OT - Just stuff
Hey guys, been absent for a few days. We finally had a celebration of life for my mother. She died March 22nd, 2020 but because my youngest brother lives in Houston, Texas we had to wait until Covid 19 was more under control then we had to wait a few more weeks for the ground to be thawed to dig into it. Two days in a row we've had a house full of people (80% of them vaccinated). I feel that there is some closure now. We have a house to clean up and lots of pictures and items that no one took that I need to decide to toss of keep. It's been a long, long year and the last few weeks have been busy organizing everything. Sighing now that it's over.
I've been a bit depressed so I haven't been doing any Bryce. I tried making a couple of images and I simply can not make a decent terrain so I gave up and started playing Tomb Raider again. Having Brian home and retired has changed my routine, but I enjoy having him here. What's got me down is that I had radiation treatment after my breast cancer surgery in December of 2019. Six months ago they found a spot in my left lung. Just now they found two more spots in my lung (total 3). This is the lung that the radiation hit. I have another CT in 4 months. What irks me about it is that my cancer was so tiny that it was a miracle that they could even see it on the mamogram. I probably didn't even need the radiation and now the radiation may have caused more cancer....grrr. Plus, I had 3 nodules on my thyroid before the treatment and now I have 8 nodules on my thyroid because of the radiation. I wish I'd know the side effects. I just did what the doctor suggested.
I guess, too, it's that my eldest brother, who was diagnosed with brain stem Glioma, a month after my mother died has decided to stop all cancer treatments and let himself go. It's breaking my heart. He's going down hill so fast. He's a pastor, a silver cross Viet Nam veteran and an amazingly kind person. Please pray for no pain for him, if you pray.

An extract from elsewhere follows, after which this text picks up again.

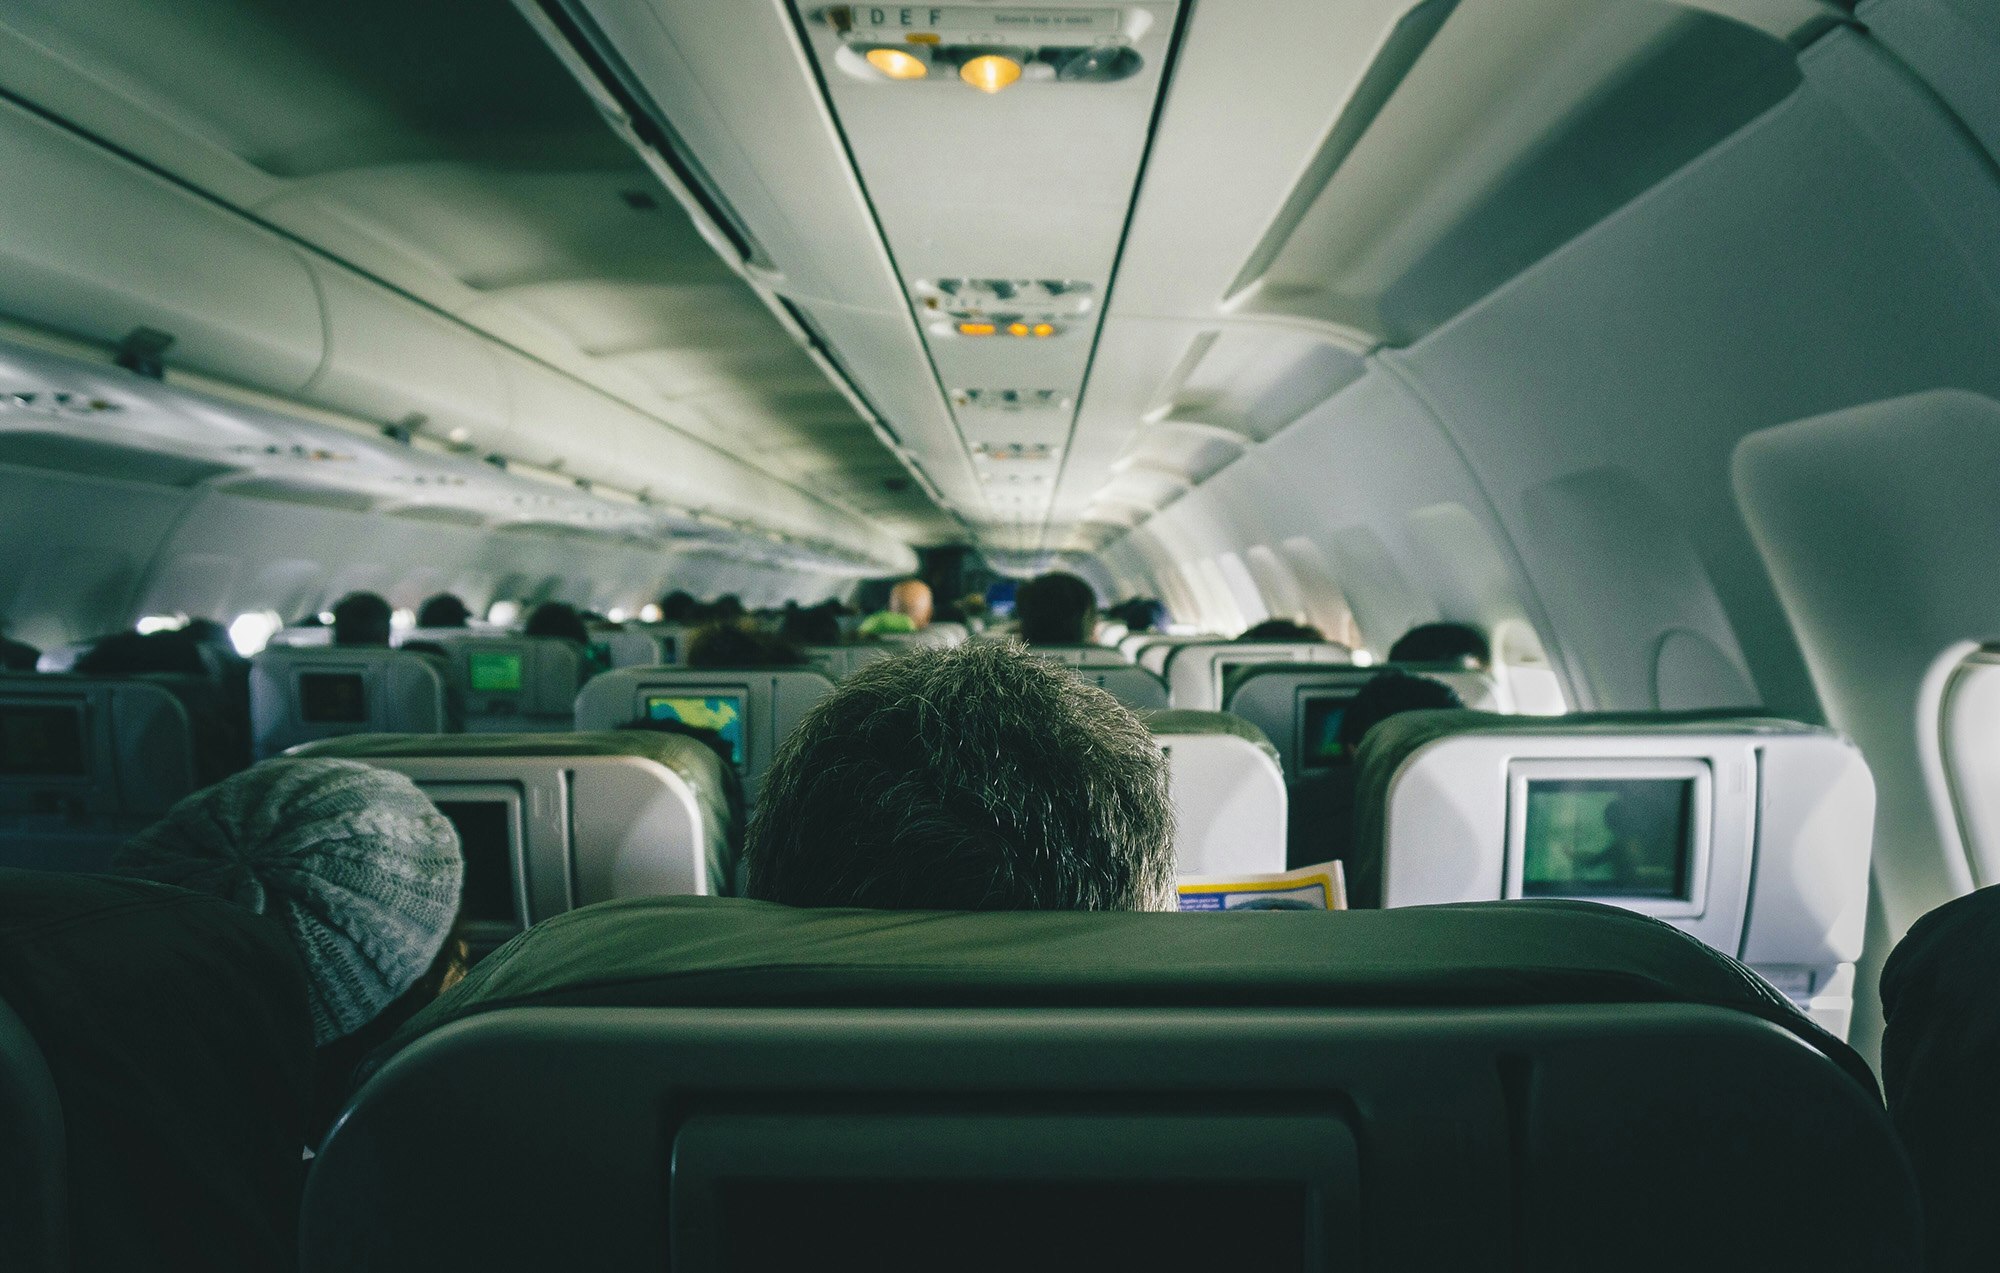 Rear view of people sitting on a plane

Is this too much information? Believe it or not I think of you guys as friends. I need a life, right?
Comments
No cheering news - very sad to hear how life develops around you. I wish you all a soon recovery. Stay save and keep up the good spirit.
This is sad news. Hope sincerely that you recover soon. I know all about cancer (ovarian carcinoma) had an operation, twice chemo and once radiation, sadly you are not alone and waiting for the outcome of every CT scan and blood test is scary.
Stay safe and think positive.
I wish I could hug you and give you strengh to get through it all....
don`t give up. I`ll pray for you.
I also wish I could hug you too, hugging is so comforting and something we miss due to social distancing. I'll pray for your good health and speedy recovery. We are a small family here in the Bryce Forum, sharing joys and sorrows besides renders.
I'm so sorry to hear about your (many) troubles. I'm not the praying kind, but my thoughts and best wishes go out to you and your family. And I hope you can reach a speedy and full recovery.
I'd like to apologize for posting such miserable news. Everyone has their own issues and this pandemic has just made everything 10 times worse. I'd had a few drinks and people had gone home and I was just sad after they left. I let it get to me. Thank you for the virtual hugs all.
So sorry to hear about all the things happening in your life. Big hug, love and prayers from me too.